Creating marketing programs to appeal to women has become a priority of manufacturers of products from cars to computers. Marketers have also introduced new marketing programs targeted to different racial groups, age groups, and income groups. Attracting emerging new market segments based on cultural dimensions may require different messages, creative strategies and media.
Adjustments to the Brand Portfolio
Managing brand equity and the brand portfolio requires taking a long-term view of the brand. As part of this long-term perspective, it is necessary to carefully consider the role of different brands and the relationships among different brands in the portfolio over time.
In particular, a brand migration strategy needs to be designed and implemented so that consumers understand how various brands in the portfolio can satisfy their needs as they potentially change over time. Managing brand transitions is especially important in rapidly changing, technologically intensive markets.
Brands can play special roles that facilitate the migration of customers within the brand portfolio. For example, .entry –level brands are often critical in bringing in new customers and introducing them to the brand offerings.
Ideally, brands would be organized in consumers’ minds so that they at least implicitly know how they can switch among brands within the portfolio as their needs or desires change.
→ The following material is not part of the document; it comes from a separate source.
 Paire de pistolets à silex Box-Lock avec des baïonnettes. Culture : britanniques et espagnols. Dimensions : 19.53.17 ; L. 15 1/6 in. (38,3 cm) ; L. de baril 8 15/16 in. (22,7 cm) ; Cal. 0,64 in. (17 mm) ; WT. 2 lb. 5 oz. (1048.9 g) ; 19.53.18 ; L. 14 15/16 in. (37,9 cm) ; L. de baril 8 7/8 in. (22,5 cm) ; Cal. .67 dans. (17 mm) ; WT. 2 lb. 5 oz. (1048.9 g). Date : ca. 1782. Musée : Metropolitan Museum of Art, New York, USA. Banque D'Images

For example, a corporate or family branding strategy in which brands are ordered logically could provide the hierarchical structure in consumers’ minds to facilitate brand migration.
Acquiring New Customers
All firms face tradeoffs in their marketing efforts between attracting new customers and retaining existing ones. Firms proactively develop strategies to attract new customers, especially younger ones. The marketing challenge in acquiring new customers lies in making a brand seem relevant to customers from potentially vastly different generations and lifestyles.
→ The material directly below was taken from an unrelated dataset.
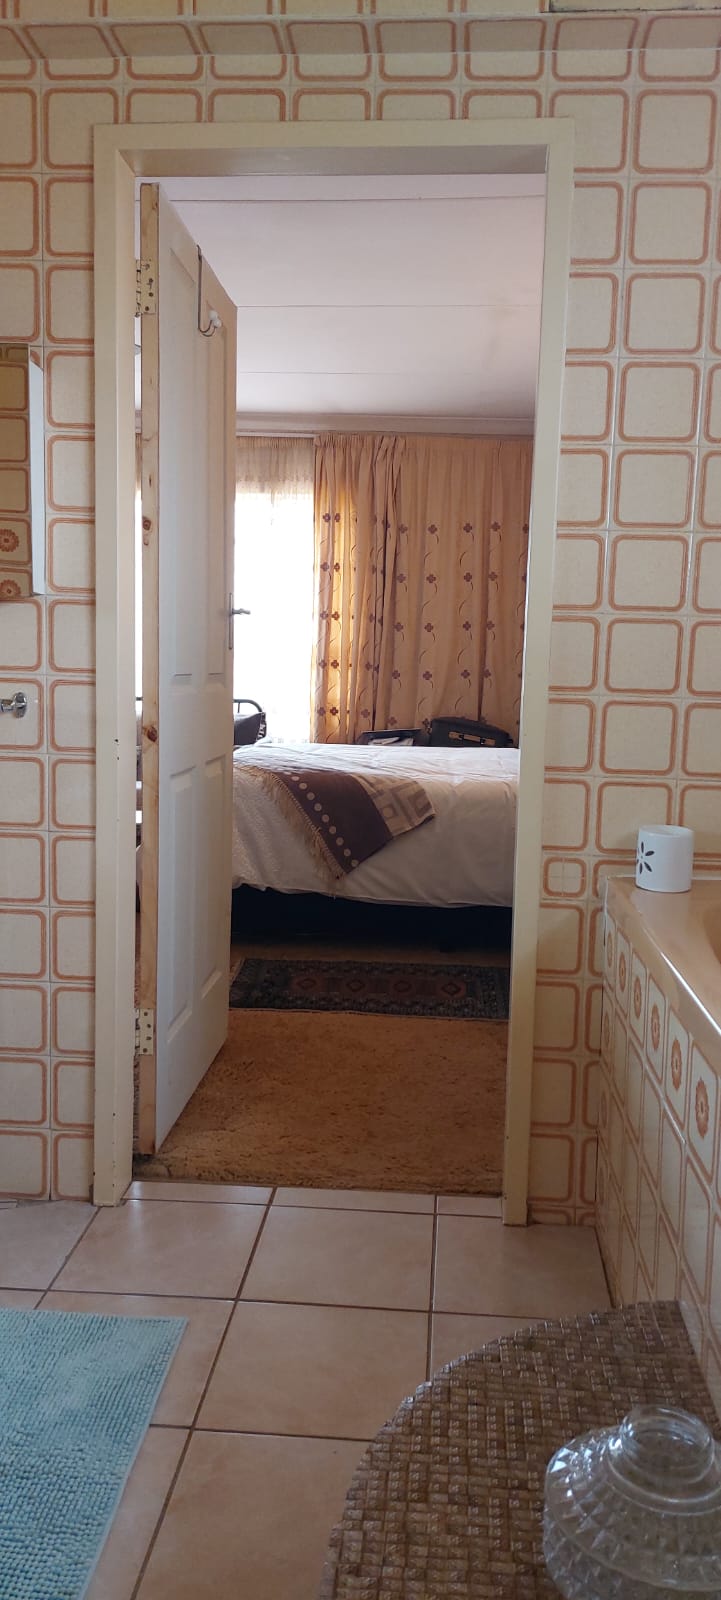 3 Bedroom Property for Sale in Zuurbekom Gauteng

Some alternative approaches that attempt to broaden the marketing program and attract new customers as well as retain existing ones are discussed as follows:
- Multiple Marketing Communication Programmes: One approach to attract a new market segment for a brand and satisfy current segments is to create separate advertising campaigns and communication programs for each segment. The increased effectiveness of targeted media makes multiple targets more and more feasible. The drawbacks of this approach are the expense involved and too much media overlap among target groups.
- Brand Extension and Sub-brands: Another approach to attract new customers to a brand and keep the brand modern and up-to-date is to introduce a line extension or establish a new sub-brand. These new product offerings for the brand can incorporate new technology, features, and other attributes to satisfy the needs of new customers as well as satisfy the changing desires of existing customers. For example, Lifebuoy introduced Lifebuoy plus for young men and Lifebuoy gold for young women.
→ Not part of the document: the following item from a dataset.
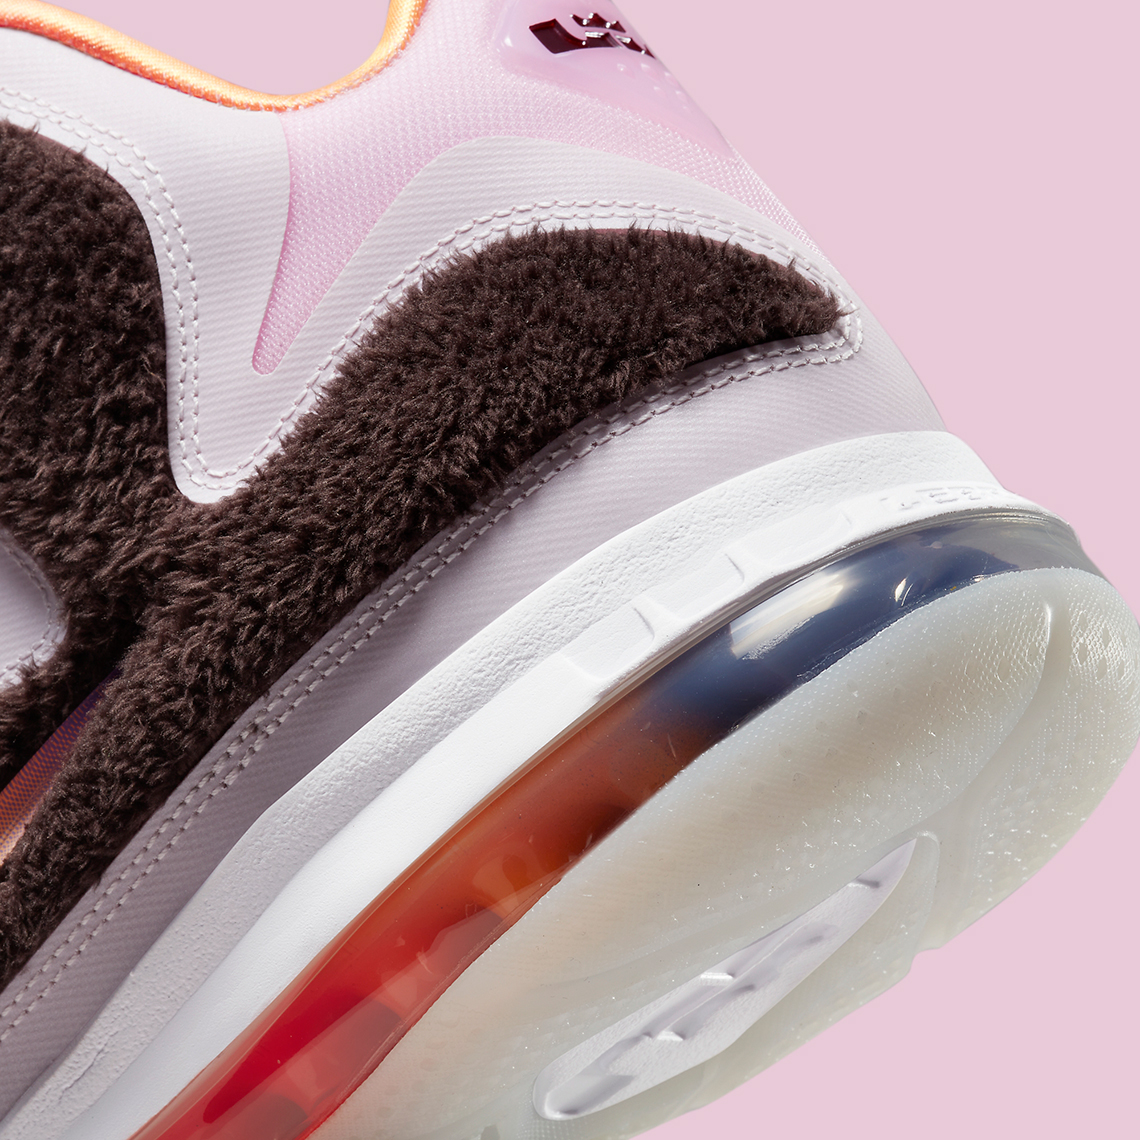 1652457936 452 Imagenes oficiales de las Nike LeBron 9 Regal Pink

- New Distribution Outlets: Attracting a new market segment becomes simple when we make the product more available to that group. For example, the sale of Nescafe Sunrise is increased by making that product more available to the target group.
The adverse changes in the marketing environment may make some brands not worth saving. Their sources of brand equity may have essentially dried up or even worse, damaging and difficult-to-change new associations may have been created. In such a situation, decisive management actions are necessary to properly retire the brand.
Several options are possible to deal with a fading brand. The first step in retrenching a fading brand is to reduce the number of its product types. Such actions reduce the cost of supporting the brand and allow the brand to put its best foot forward.
In some cases, the brand is beyond repair and more drastic measures have to be taken. One possible option for fading brands is to consolidate them into a stronger brand. Finally, a more permanent solution may be to discontinue the product altogether.